Group: | The Madia Gond |
Population: | 77,000 (1997–1998) |
Popplace: | Gadchiroli District – Maharashtra, Bastar division – Chhattisgarh |
Langs: | Madiya |
Rels: | Koyapunem with significant influence from Hinduism |
Related: | Gond people |
Madia Gonds or Madia or Maria are one of the endogamous Gond tribes living in Chandrapur District and Gadchiroli District of Maharashtra State, and Bastar division of Chhattisgarh State India.[1] They have been granted the status of a Particularly Vulnerable Tribal Groups by the Government of India under its affirmative action or reservation programme.[2] The Madia Gonds are strongly affected by Naxal activities.[3] The Madia Gond use the self designation Madia, and call the area where they live Madia Desh.[4] They speak the Madia dialect of Gondi.[5] The shifting agriculture of madia is known as jhoom.
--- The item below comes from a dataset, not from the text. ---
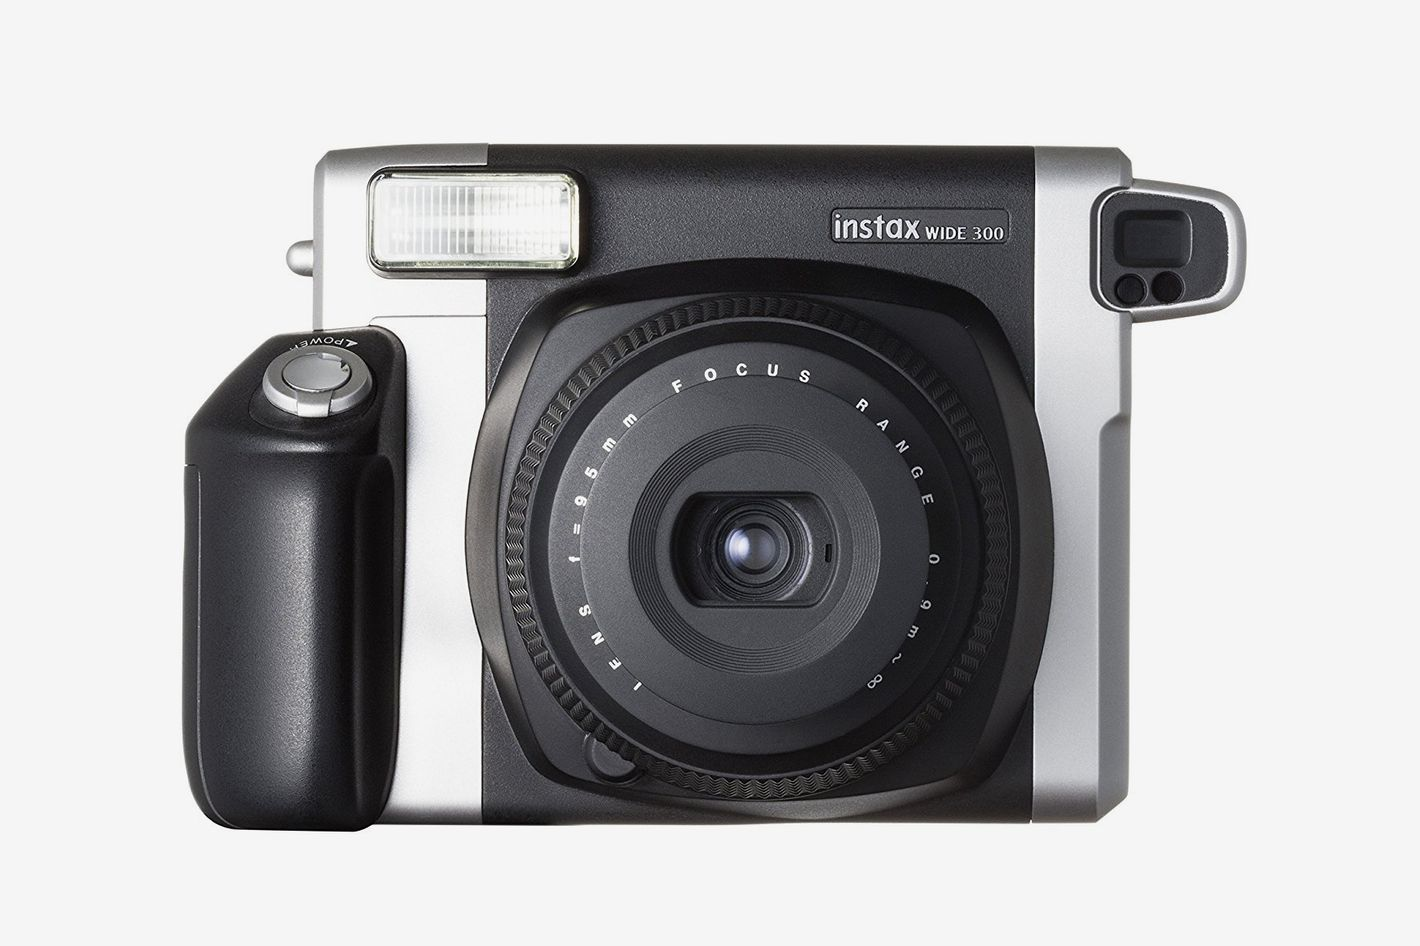 Fujifilm Instax Wide 300 Instant Film Camera (Black) and Instax Wide Instant Film, 20 Exposures

A study mentions living megalithic practices amongst the Madia Gonds.[6] One of the findings of The Bench Mark Survey done in 1997–1998: 91.08 per cent of Madia Gond families lived Below Poverty Line.[7]
Madias today are doctors,[8] teachers, government employees and naxalites.[9] Performance of school going Madia children is on par with other children of Maharashtra state, a Madia girl student has figured in the merit list of candidates at the state level.[10] The following are the descriptions of the Madia Gond as recorded by the British Rulers in the District Gazettes, which has been carried in the Gazettes of independent India.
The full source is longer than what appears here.